After #1316 added the BootCheckGate, cold boot on a dev macOS host failed in six different ways stacked on top of each other:

  1. Vite's optimized-deps bundle of redux-persist/lib/storage exposed only the module namespace, so coreMode's persist adapter had no getItem and the renderer crashed before paint with Uncaught TypeError: storage.getItem is not a function.
  2. The new start_core_process Tauri command was registered but missing from the capability ACL → Command not found.
  3. A stray launchd agent from a sibling worktree (KeepAlive=true) re-spawned the daemon after every SIGKILL, defeating the Proactively kill stale old OpenHuman RPC processes before the Tauri app reuses their port #1130 stale-listener takeover and producing signaled pid <X> but port 7788 remained bound after 5000ms.
  4. The boot probe polled openhuman.ping, which the core doesn't register — every retry returned -32601 Method not found, the 10s budget elapsed, and the gate showed "Local core did not respond in time" with a healthy core sitting underneath.
  5. After (4) was fixed, a second start_core_process (HMR re-mounting BootCheckGate) saw the embedded server's own port as bound and walked into the takeover path against itself, producing port 7788 rebounded to pid <X> after terminating pid <Y>; refusing to kill a different process.
  6. After (5), the gate kept showing "Local core needs a restart" because the version reader navigated to a path that didn't exist in the JSON-RPC response (RpcOutcome wraps the value in { result, logs }).

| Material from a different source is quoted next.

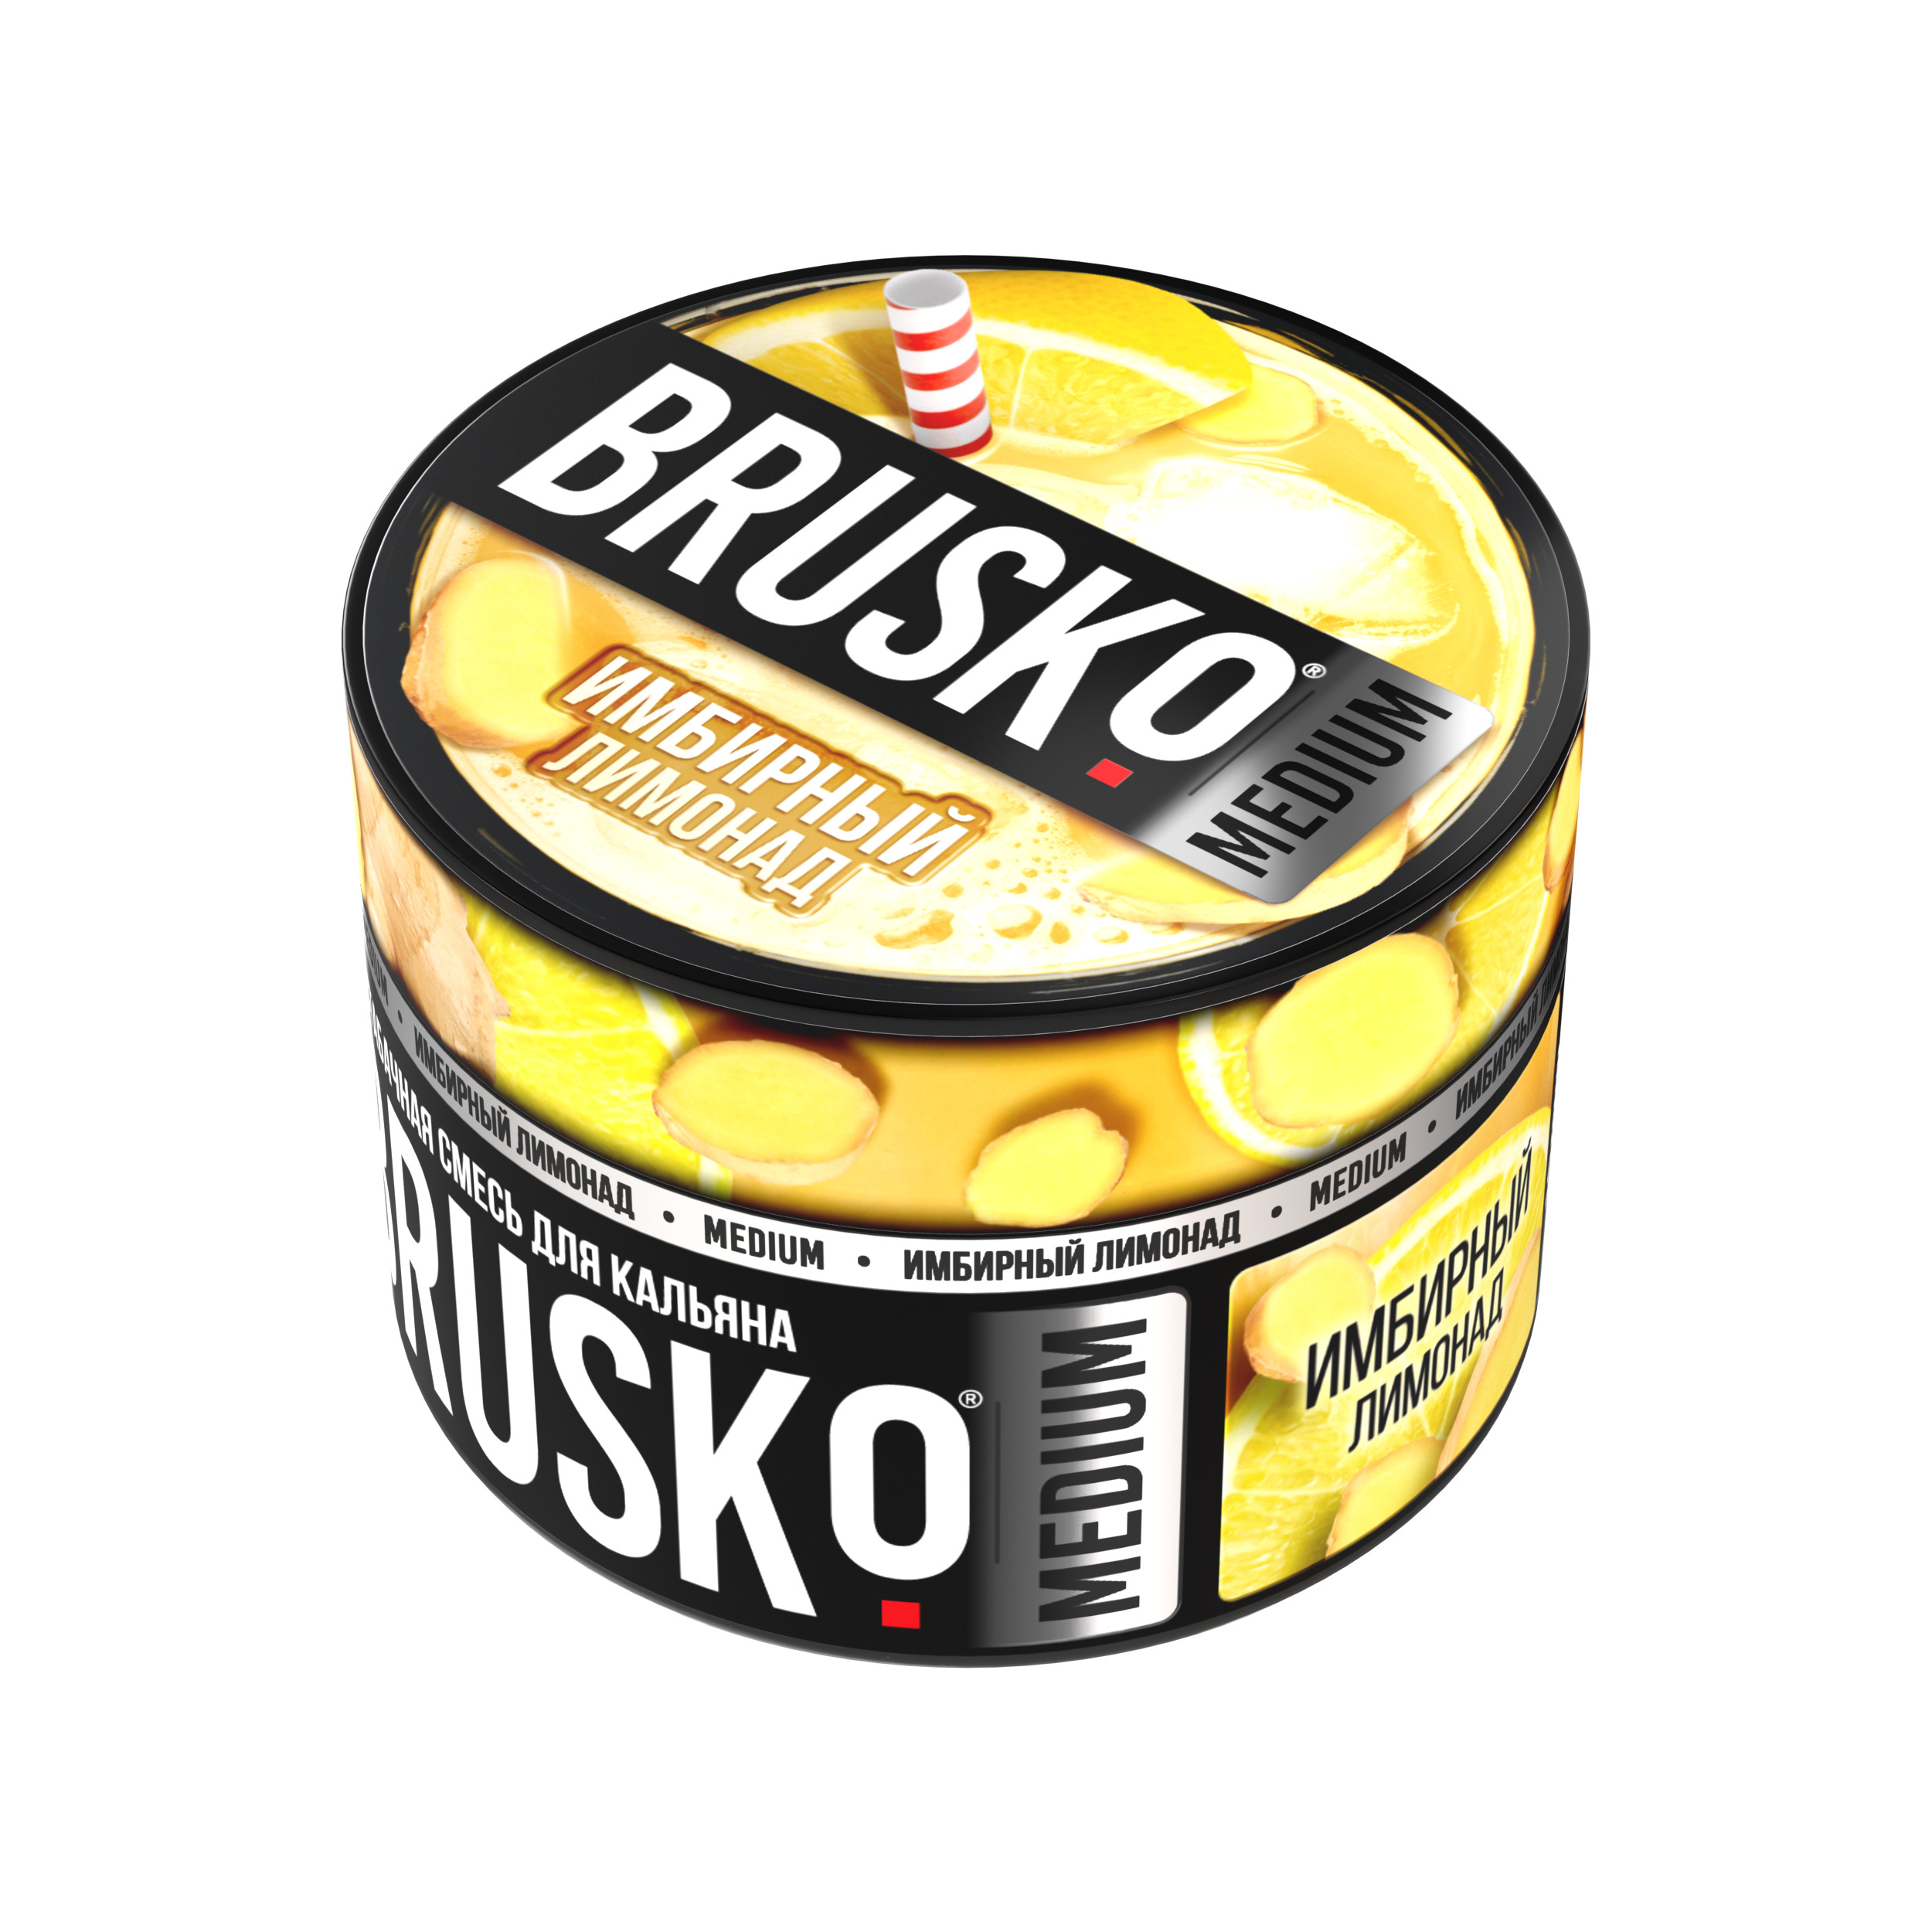 Бестабачная смесь для кальяна BRUSKO, 50 г, Имбирный лимонад, Medium (М)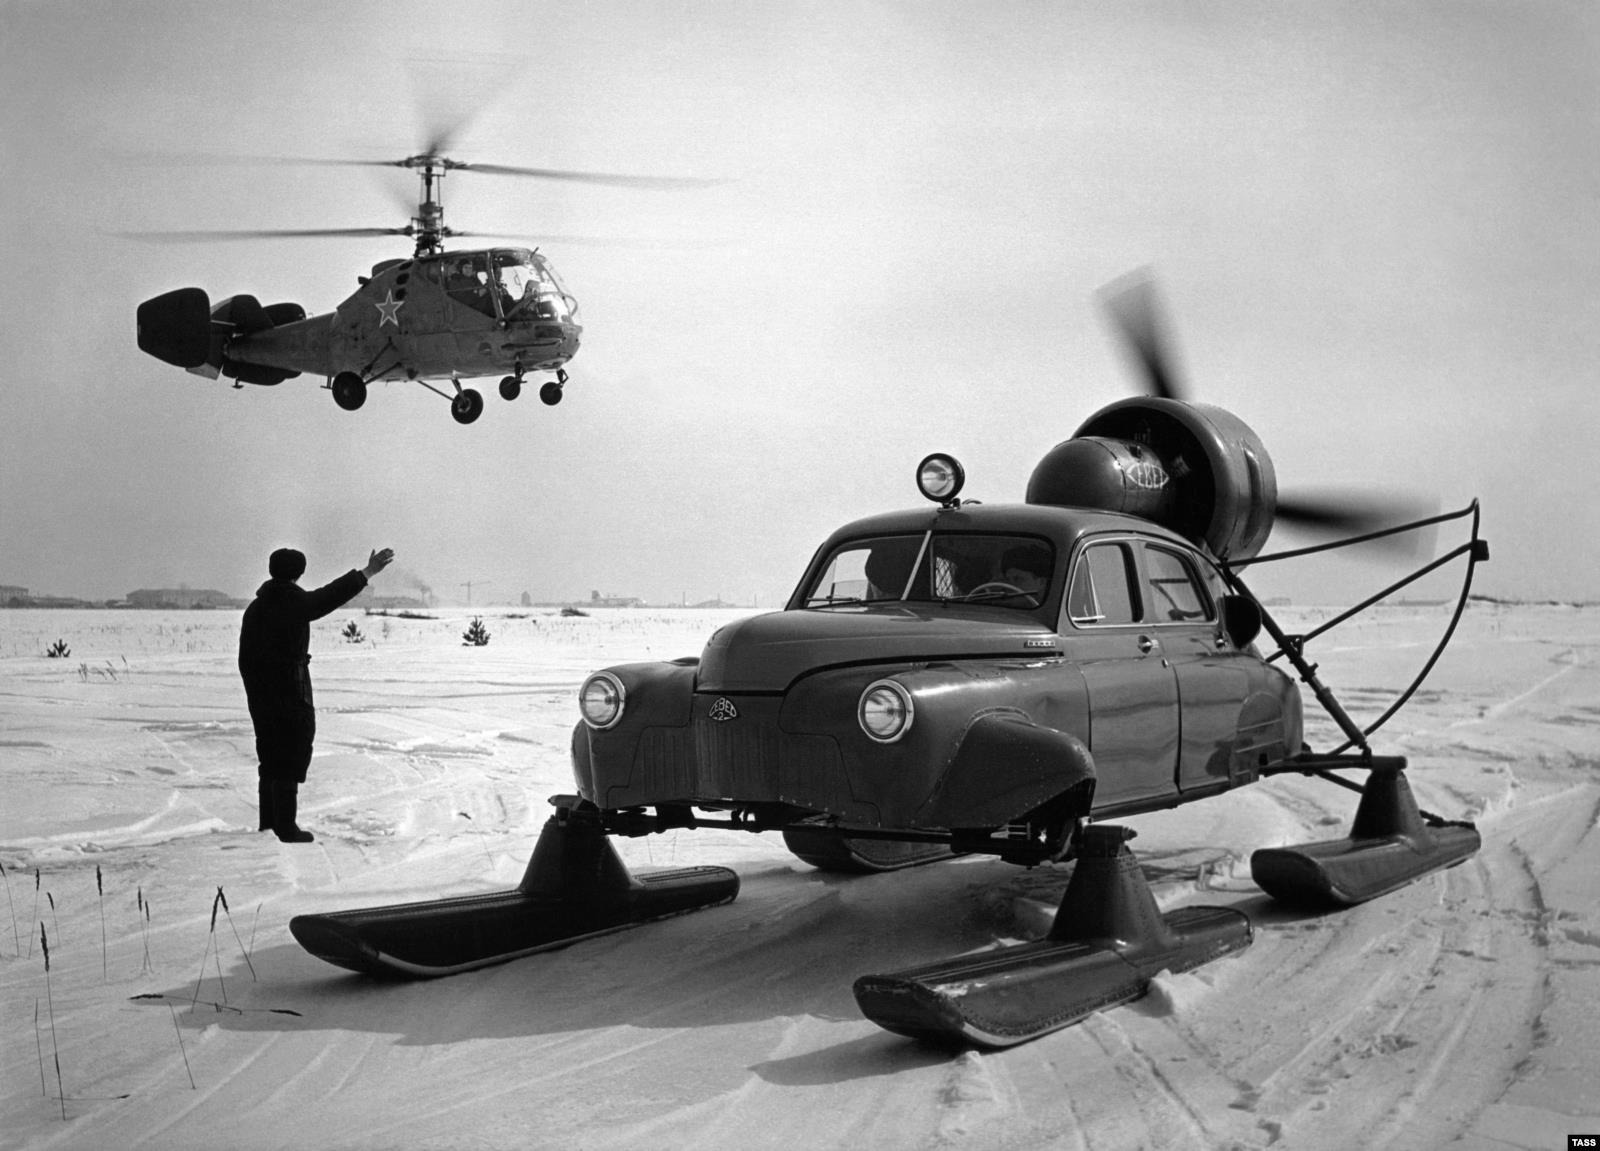 تصاویری از یک خودروی عجیب در شوروی!

End result: the BootCheckGate was effectively unreachable on a freshly-checked-out dev tree.

Solution

Six narrow, root-cause fixes — one per failure mode, each with a code comment naming the symptom so the next person hitting it can grep their way back here:

  • app/src/store/index.ts — inline localStorage adapter for coreMode, matching the shape of userScopedStorage. Same async semantics as the redux-persist default; just doesn't depend on Vite's CJS interop.
  • app/src-tauri/permissions/allow-core-process.toml — add start_core_process.
  • app/src-tauri/src/lib.rssetup closure now runs a best-effort launchctl bootout + fs::remove_file on ~/Library/LaunchAgents/com.openhuman.core.plist before CoreProcessHandle::new. Best-effort: missing HOME, missing id, plist already absent — all degrade silently. macOS-only via cfg(target_os = "macos").
  • app/src/lib/bootCheck/index.ts — probe core.ping (Tier-1), read response.result.version. Doc comments reference the upstream contracts (src/core/dispatch.rs, src/openhuman/update/ops.rs, src/rpc/mod.rs).
  • app/src-tauri/src/core_process.rs — idempotent fast path at the top of ensure_running: if self.task is Some and unfinished and the port is open, return Ok without identifying or killing the listener. Takeover path stays intact for genuinely external leftover binaries.
  • Test fixtures in app/src/lib/bootCheck/index.test.ts updated to match the wrapped response shape and core.ping method name.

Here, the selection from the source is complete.